# TBIII or T88 for a M&T joint



## harum (Nov 25, 2013)

While working on M&T joinery for a bench, I realized that in some butt joints the walls of mortises are endgrain and tenon cheeks are long grain, like in a stretcher-to-leg joint. Even if my M&Ts have a decent tight fit, would it be safer to use an epoxy adhesive, like System Three T-88, instead of Titebond III to strengthen the endgrain to long grain bond for a long term use-and-abuse? Or is this where several dowels will be stronger that a M&T?

The manufacturer of T-88 says that:
"The adhesive may be used without modifications in normally fitted joints, and will cure in any thickness without shrinkage. T-88 is clear amber and becomes virtually invisible when varnished."

Doesn't it mean that it would be superior to TBIII in terms of *long term * stability/strength for any grain directions in gluing surfaces?

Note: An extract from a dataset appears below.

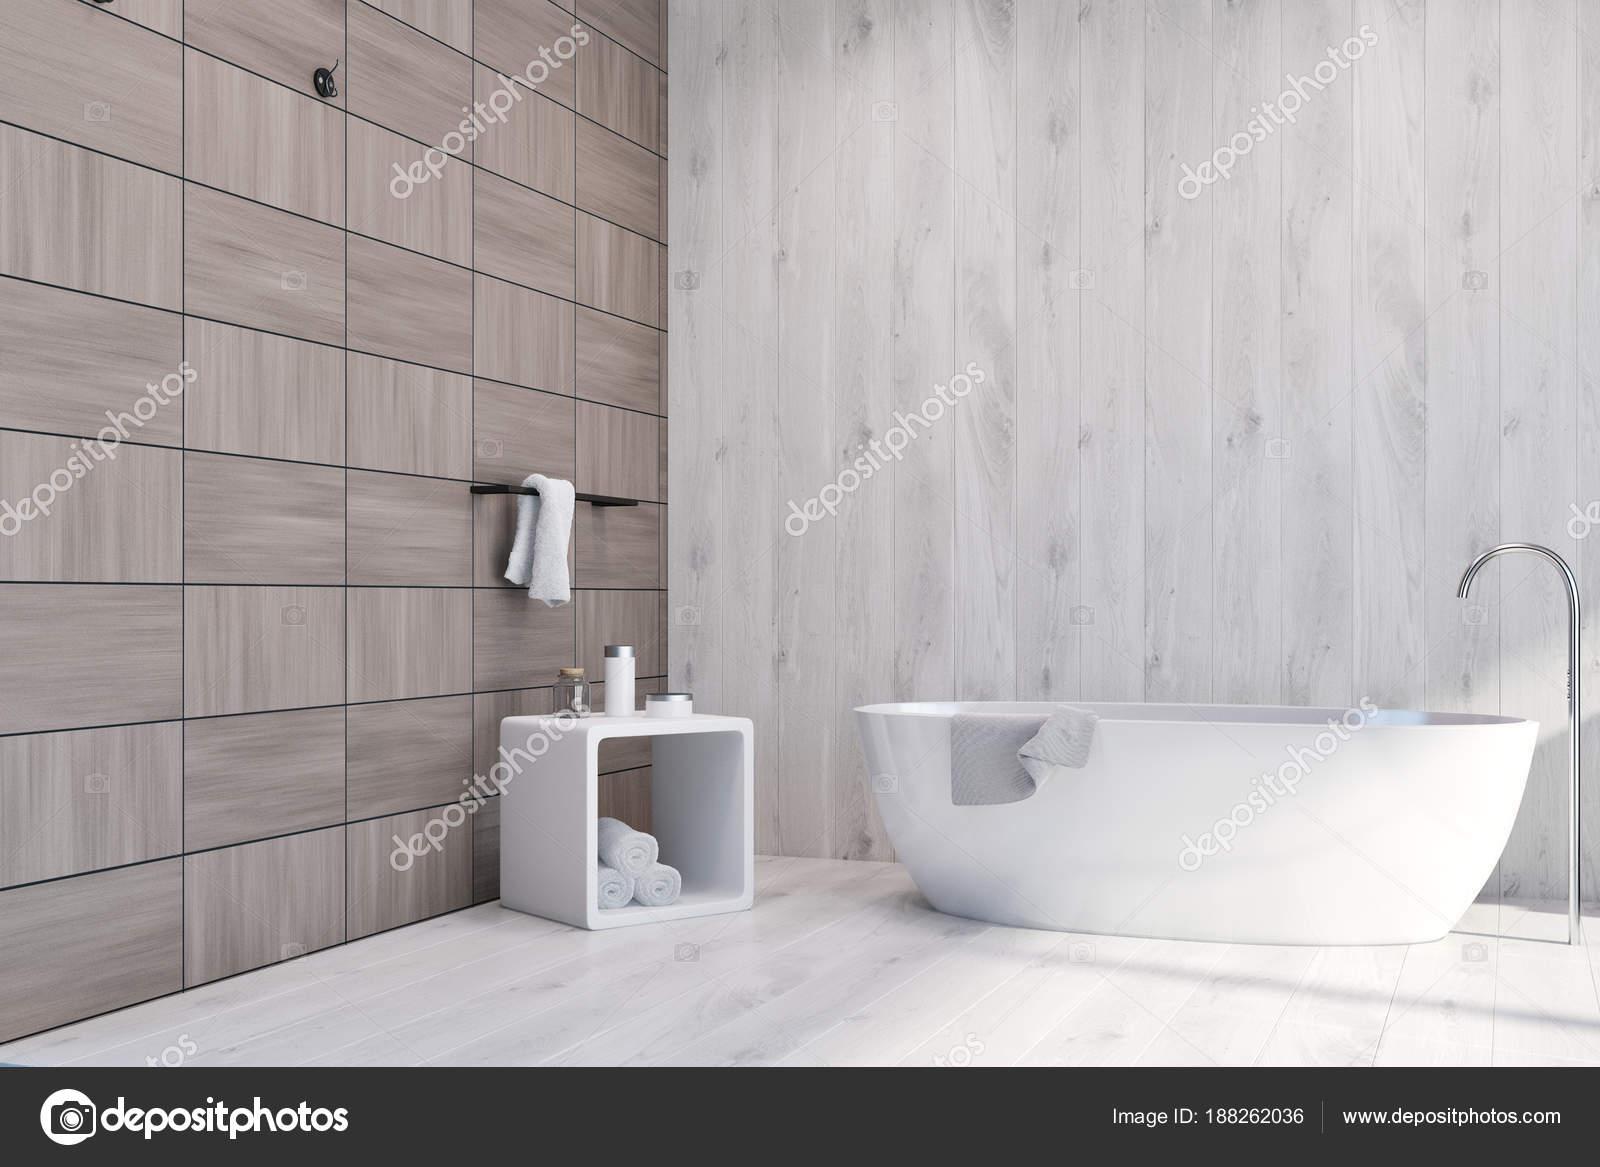 Braun Weiß Und Holz Fliesen Bad U2014 Stockfoto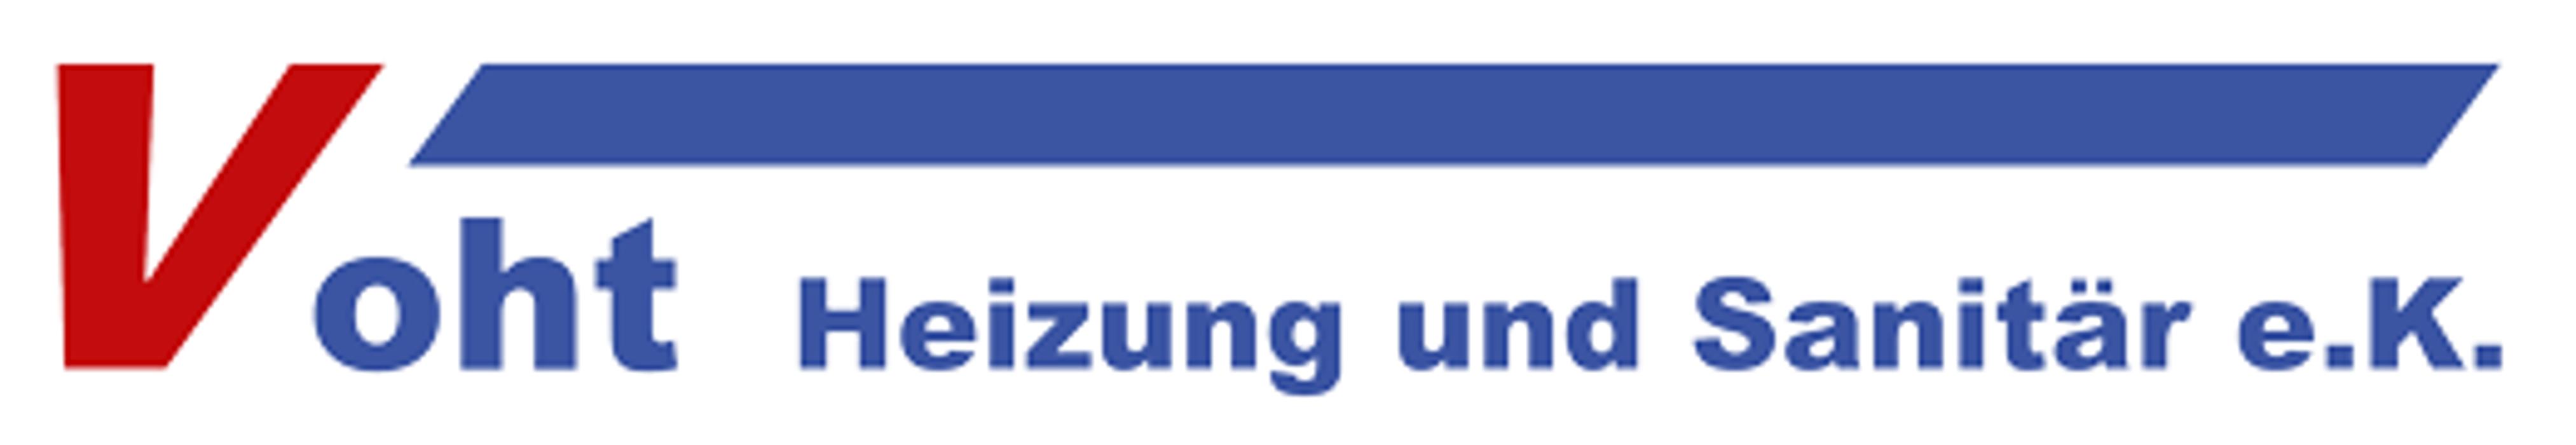 Bild zu Voht Heizung und Sanitär e.K. in Lübeck

Would appreciate any comment!
Best wishes, h.


----------



## TheFridge (May 1, 2014)

I wouldn't worry too much.


----------



## harum (Nov 25, 2013)

Well, this is my first project where joinery strengh will be actually tested daily and will have to support hundreds of pounds of weight. Besides, I should have said that while my M&Ts are tight, the tenon cheeks and mortise walls are not anywhere near hand-plane smooth; some patches feel pretty rough. Therefore, the actual gluing surface might be smaller.


----------



## bondogaposis (Dec 18, 2011)

Epoxy has gap filling properties, where as TBIII does not. So from the information you have given I'd go with the epoxy. However not knowing how or what you are building there might be a better way to construct your joinery. It is always better to rely on the joinery rather than glue for strength.


----------



## wormil (Nov 19, 2011)

I would use tb3 and pin the tenons. I pin all mine.


----------



## harum (Nov 25, 2013)

> However not knowing how or what you are building there might be a better way to construct your joinery. It is always better to rely on the joinery rather than glue for strength.
> 
> - bondogaposis


This is just an entryway bench with splayed legs, 18" high, wide enough for two people. Yes, the joinery so far is pretty tight, even without glue. However, not sure how cross-grain and engrain to long grain gluing is going to hold long term with racking, sagging, etc.


----------



## 1brian (Aug 20, 2018)

This is on my kitchen table, walnut leg and spreader, oak wedge. Tight as can be with just friction.










Of course it was the first one I did and my dimensions are to say the least, loose.


----------